Une romance lesbienne age gap pour le 7 avril 2025 : Pas sur ma liste
La semaine dernière, nous vous avons partagé l’annonce de sortie de Pas sur ma liste de Marie Parson et Cassia Bellstone. Mais bon, comme c’était en fin de semaine, vous l’avez peut-être raté. Du coup, rattrapage ! Le livre sort le 7 avril. Il y aura deux romans en avril, comme en mars ! (ceci est un spoiler) Un premier au début du mois donc. Une romance age gap où les autrices ont été à fond sur le sujet et l’ont travaillé au maximum. Tout y passe, des références qui ne sont pas les mêmes aux désirs et à la peur de l’avenir…
Franchement, si vous aimez l’écriture de Marie Parson et son humour, vous allez adorer. Dès le début, on a le droit à un débat sur MacGyver et vous découvrirez peut-être, comme moi, qu’il y a eu deux séries.
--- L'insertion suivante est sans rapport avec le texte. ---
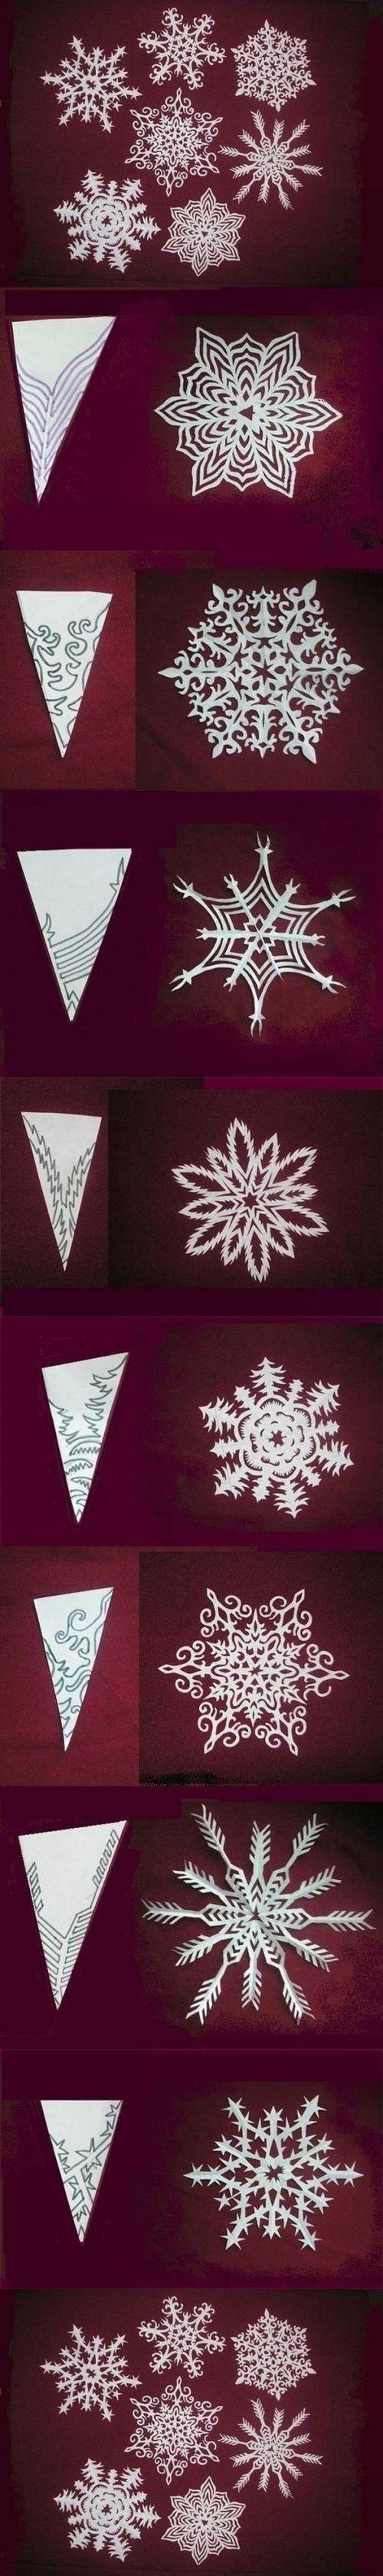 Paper Snowflake Patterns! So Pretty & Fun To Do! ❄️

Une première dans les années 80 et un remake dans les années 2000. De quoi offrir un dialogue bourré d’humour et d’incompréhensions pour deux femmes qui n’ont pas le même âge…
Mais j’arrête de tout vous spoiler ! Et je vous remets le résumé.
La quatrième de couverture de Pas sur ma liste de Marie Parson et Cassia Bellstone
Fraîchement divorcée, Marie Derrien, trente-huit ans, est directrice de la communication pour une mutuelle en plein rachat. Apparence impeccable, vie sous contrôle : elle a tout sacrifié pour correspondre à ce que l’on attend d’elle. Au point de s’oublier en chemin.
À vingt-quatre ans, Justine Leroy partage son temps entre la rédaction de sa thèse de géopolitique et un job d’hôtesse d’accueil pour payer ses factures. Mordue de callisthénie, elle multiplie les histoires sans lendemain, incapable de s’engager.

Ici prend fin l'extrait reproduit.